Functional magnetic resonance imaging (fMRI) has been the main methodological approach for studying the neural bases of gSAD. Growing evidence suggests that brain network dysfunction rather than abnormality in isolated brain region (s) underlies the genesis and maintenance of gSAD, similar to other affective disorders.^[3,4] The landmark meta-analysis of functional neuroimaging studies by Etkin and Wager in 2007 suggested hyperactivity in a “fear circuit” that includes amygdala, insula, inferior temporal gyrus, fusiform gyrus, and superior temporal gyrus as the core pathologic network dysfunction in gSAD.^[5] A recent meta-analysis of brain imaging studies of gSAD expand on the Etkin and Wager findings by incorporating results of recent resting-state connectivity and more advanced structural imaging studies in gSAD.^[3] They proposed a network-based model of gSAD that extends beyond fear-related amygdala hyperactivity and that involves other regions, particularly occipital and parietal hubs in the neuropathophysiology of gSAD that may play a broader role in socio-emotional processing.^[3]

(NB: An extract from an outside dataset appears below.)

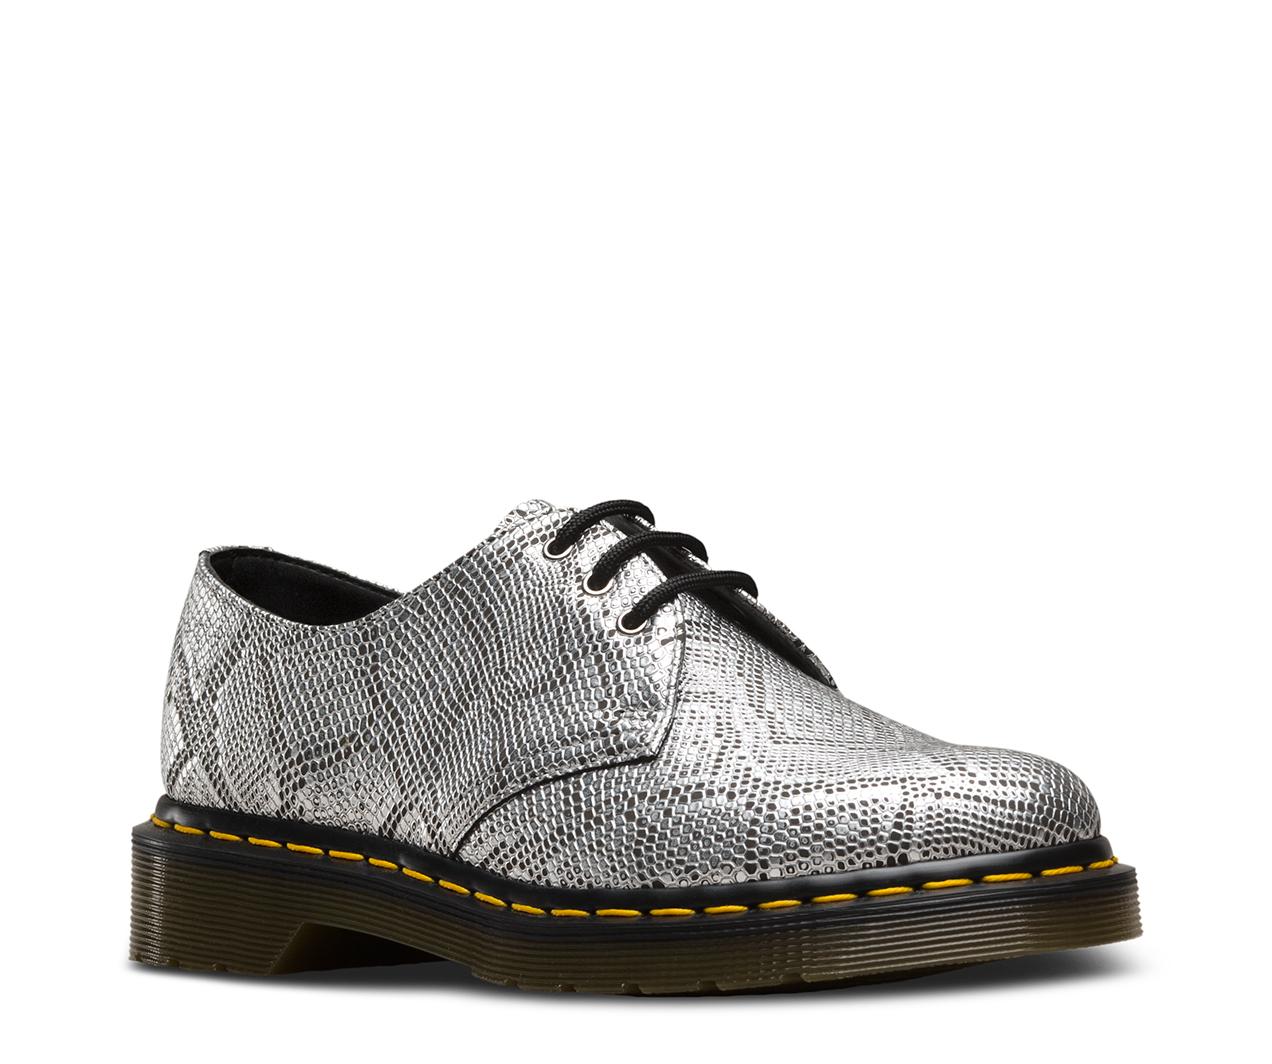 VEGAN 1461 METALLIC   Donna scarpe     Sito ufficiale Dr. Martens 61e3b3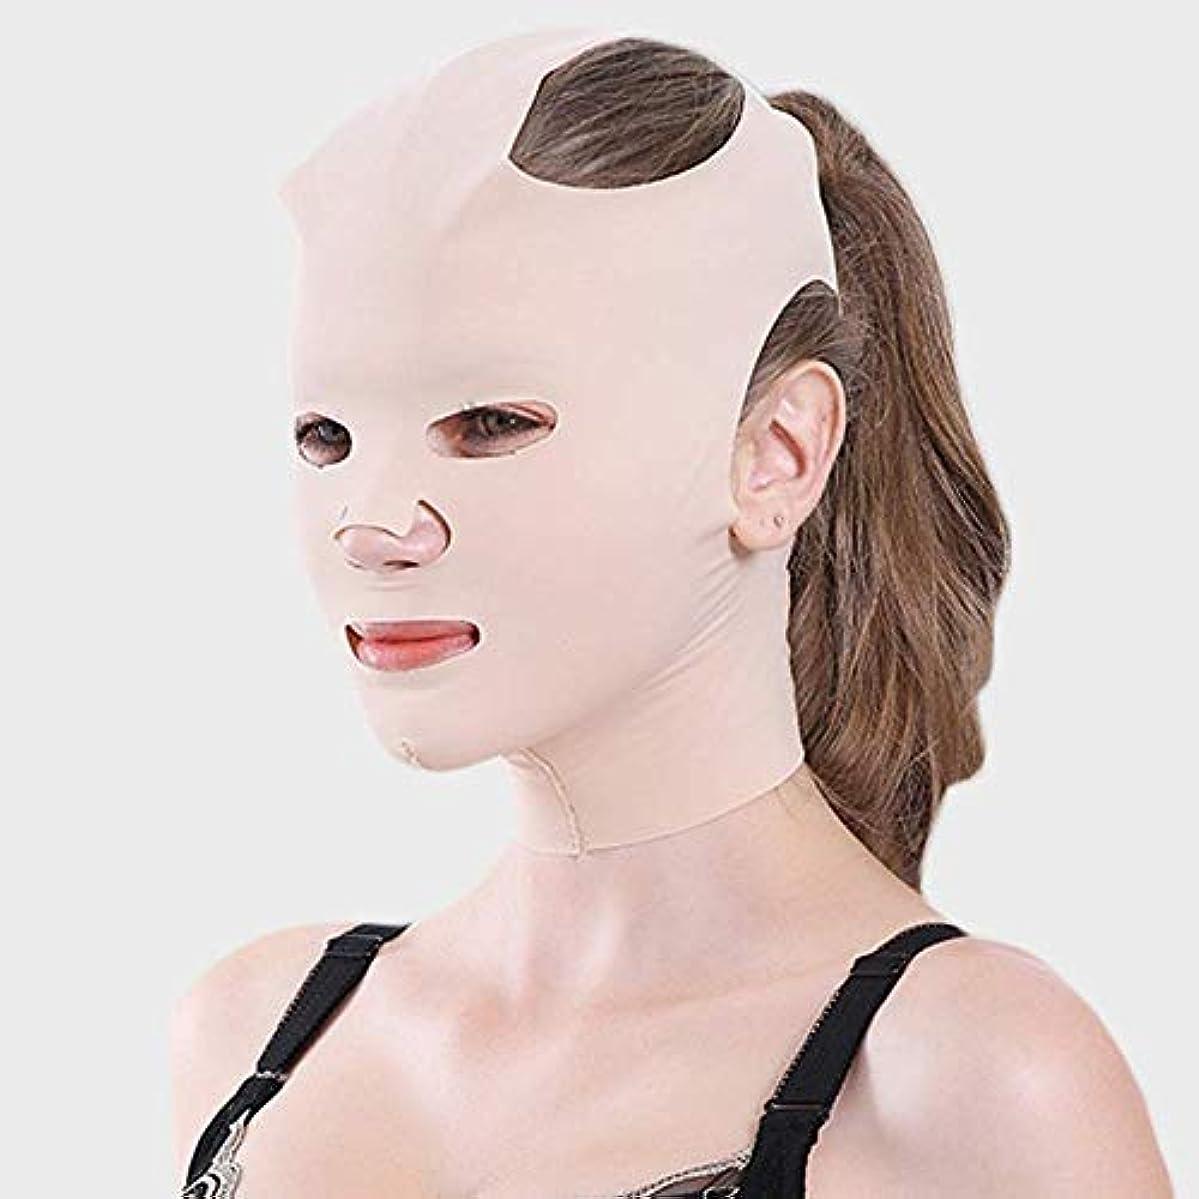 実行認証望ましいHUYYA フェイスマスク、フェイスリフティング包帯 V字ベルト補正ベルト ダブルチンヘルスケア,Flesh_Small

From a network perspective, one important question is which area(s) of the brain plays a central role in gSAD neurocircuitry and is anatomically connected to and can functionally mediate interactions amongst spatially distributed brain regions? The thalamus, and more specifically pulvinar, is best positioned to play this role. As the largest thalamus nuclei, the pulvinar has recently received a great deal of attention in system neuroscience because of its newly discovered complex and pivotal role in cortico-cortical neural synchronization and information processing needed for higher level cognitive and emotional functions like perceptual attention and sensory emotional processing.^[6–9] Functional and structural abnormalities of pulvinar have also been reported in several psychiatric disorders such as depression,^[10,11] specific phobia,^[12] and obsessive-compulsive disorder (OCD).^[13] In a recent published study, we showed pulvinar network dynamics are altered in major depression and can be modulated therapeutically with pharmacological treatment.^[11]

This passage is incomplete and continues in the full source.